Qexo Extensions to XQuery

Qexo has various beyond the XQuery standard:

Calling Java Methods

Qexo (following many XSLT implementations) uses special namespaces to name Java classes. For example:

declare namespace Integer = "class:java.lang.Integer"

You can use this namespace to invoke methods in the Java class java.lang.Integer class:

Integer:toHexString(255)

This invokes the static toHexString(int) method, evaluating to the string "ff".

More generally, if you call a function whose name is a QName for which there is no in-scope function, but the QName's namepace-URI starts with the string class: then the rest of the namespace-URI will be interpreted as a Java class name, and the QName's local-part will be interpreted as a Java method name defined in that Java class. The compiler will look for the "best" matching public method (using the available type information), and try to pick a specific method at compile-time. (If it cannot, it will print a warning message, and instead emit code that try to pick the best method at run-time.) Both static and non-static methods are eligible; for non-static methods the first parameter is used as the this argument.

Specifically how the compiler picks the "best" method is as follows. It finds all the public methods in the named class and its superclasses that match the name and argument count. It first looks for any methods whose parameter types match the actual argument types (to the extent known at compile-time) without requiring any run-time type casts (narrowing). If there is one or more such method, the most specific such method is selected. If there is no most specific method, a warning is printed. Otherwise, if there is a single method that matches, but requiring a run-time cast, that method is selected. Otherwise, a warning is printed, and the most spectic method is selected using the actual run-time argument values.

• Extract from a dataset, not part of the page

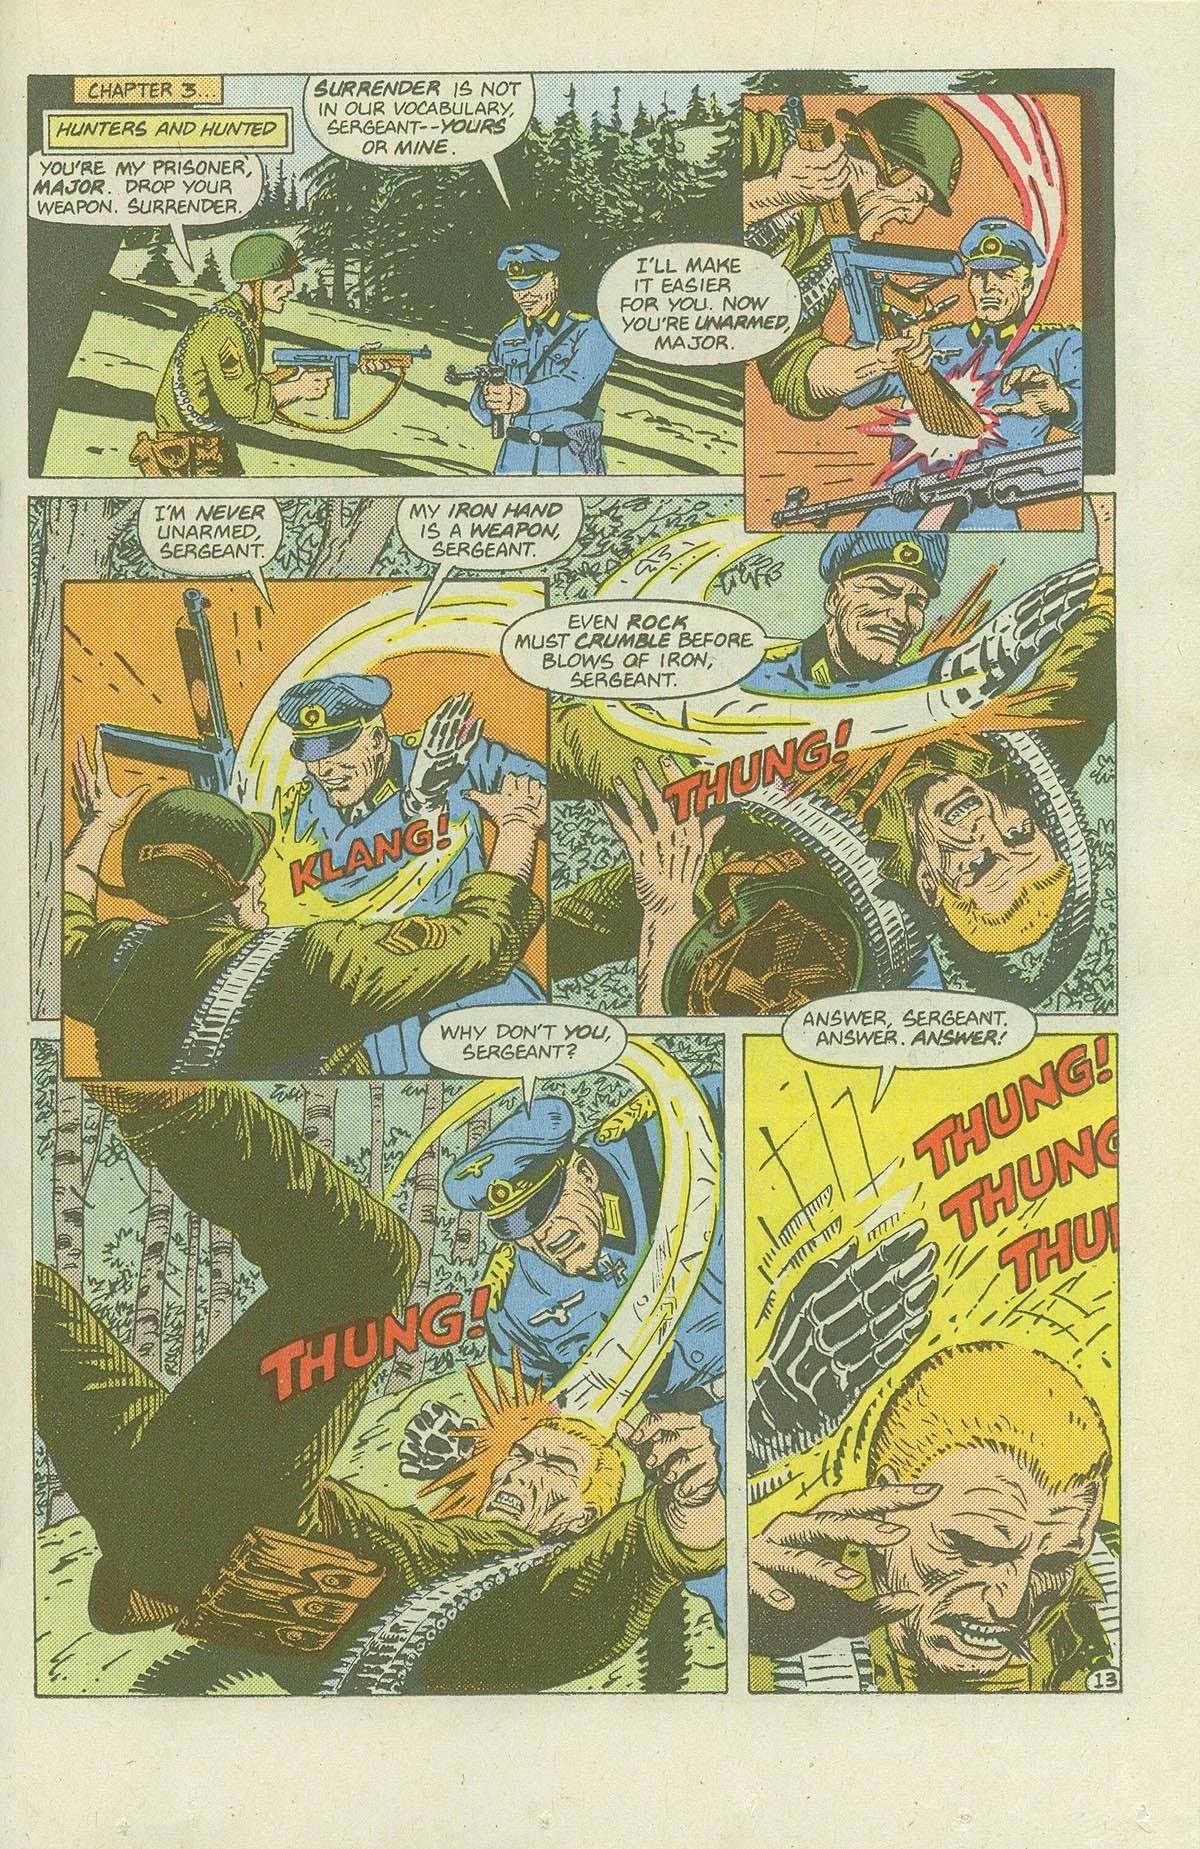 Read online Sgt. Rock comic -  Issue #420 - 18
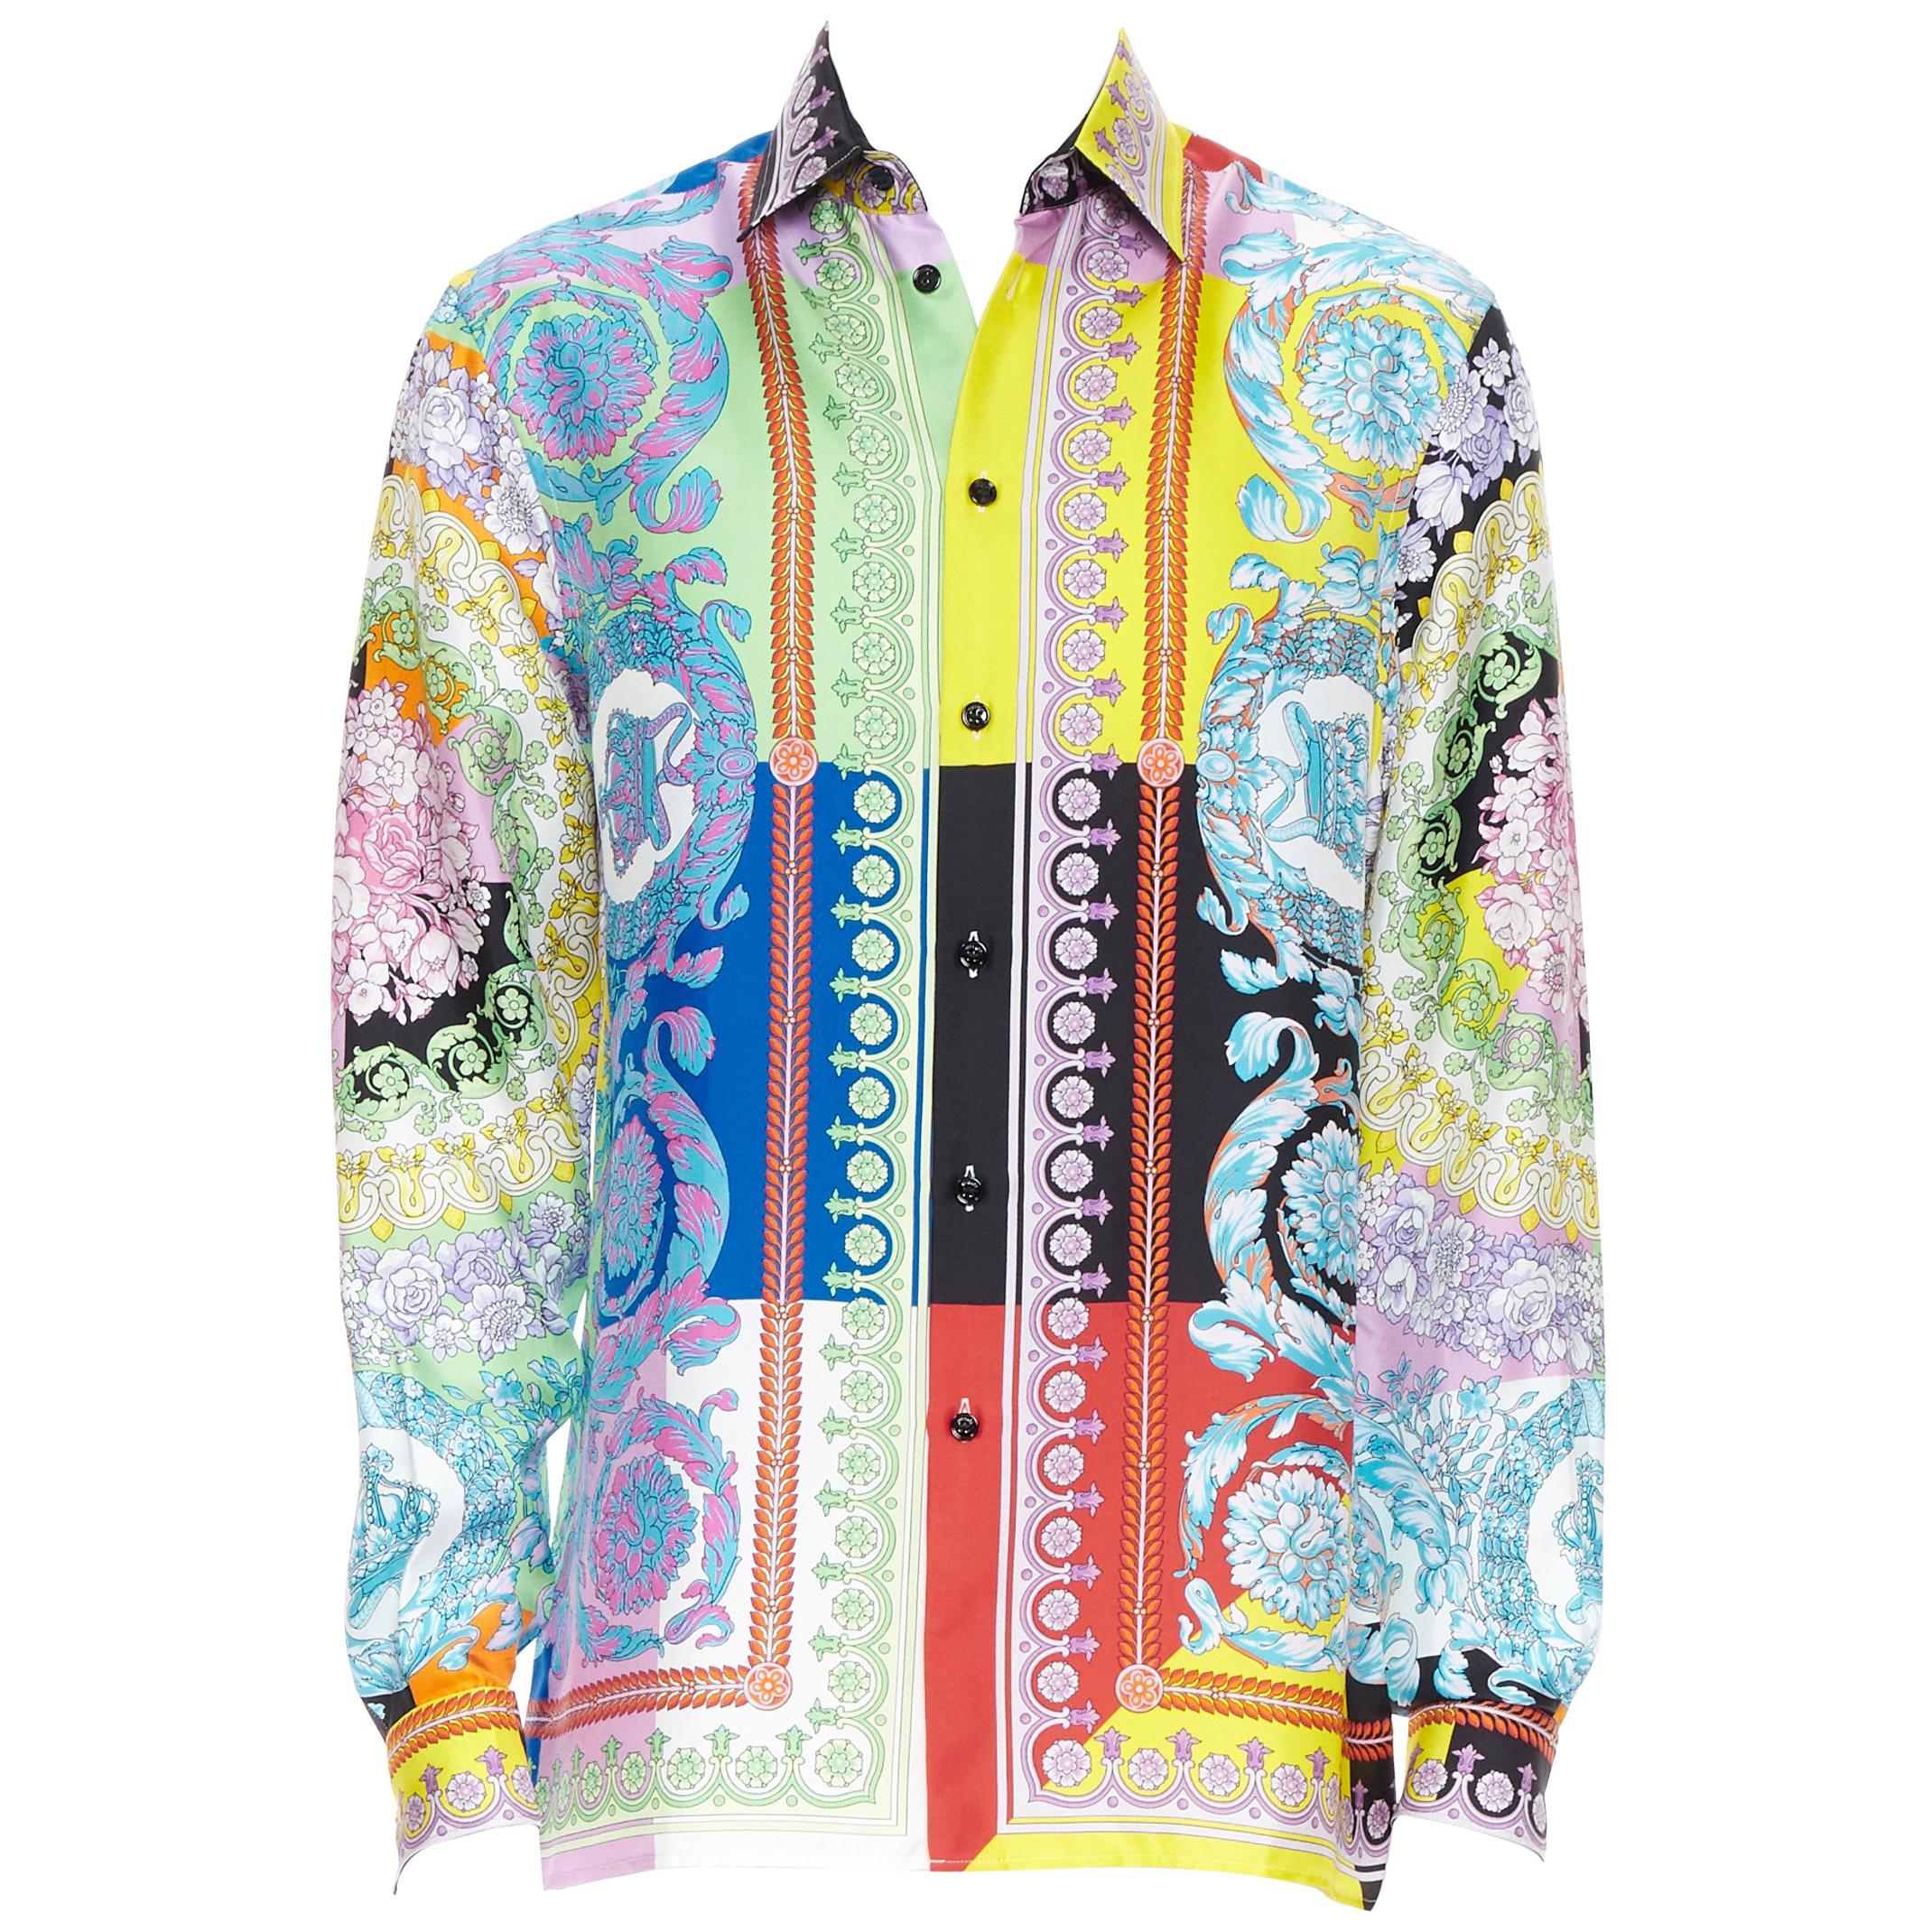 new VERSACE SS19 Techni Baroque floral print 100% silk relaxed  shirt top EU38 S

If the local-name is "new" then a constructor will be picked. For example:

Integer:new("1234")

This is equivalent to the Java expression new Integer("1234"), which creates a new java.lang.Integer instance whose intValue is 1234.

As a convenience, if the QName in a function call has a namespace-prefix for which there is no in-scope namespace definition, but the namespace-prefix is the fully-qualified name of a Java class (existing at compile-time), then that is equivalent to using a class: namespace-uri. For example:

java.lang.Object:toString(3+4)
evaluates to the string 7. The expression is equivalent to:
declare namespace obj = "class:java.lang.Object"
obj:toString(3+4)

assuming obj is some otherwise-unused namespace-prefix.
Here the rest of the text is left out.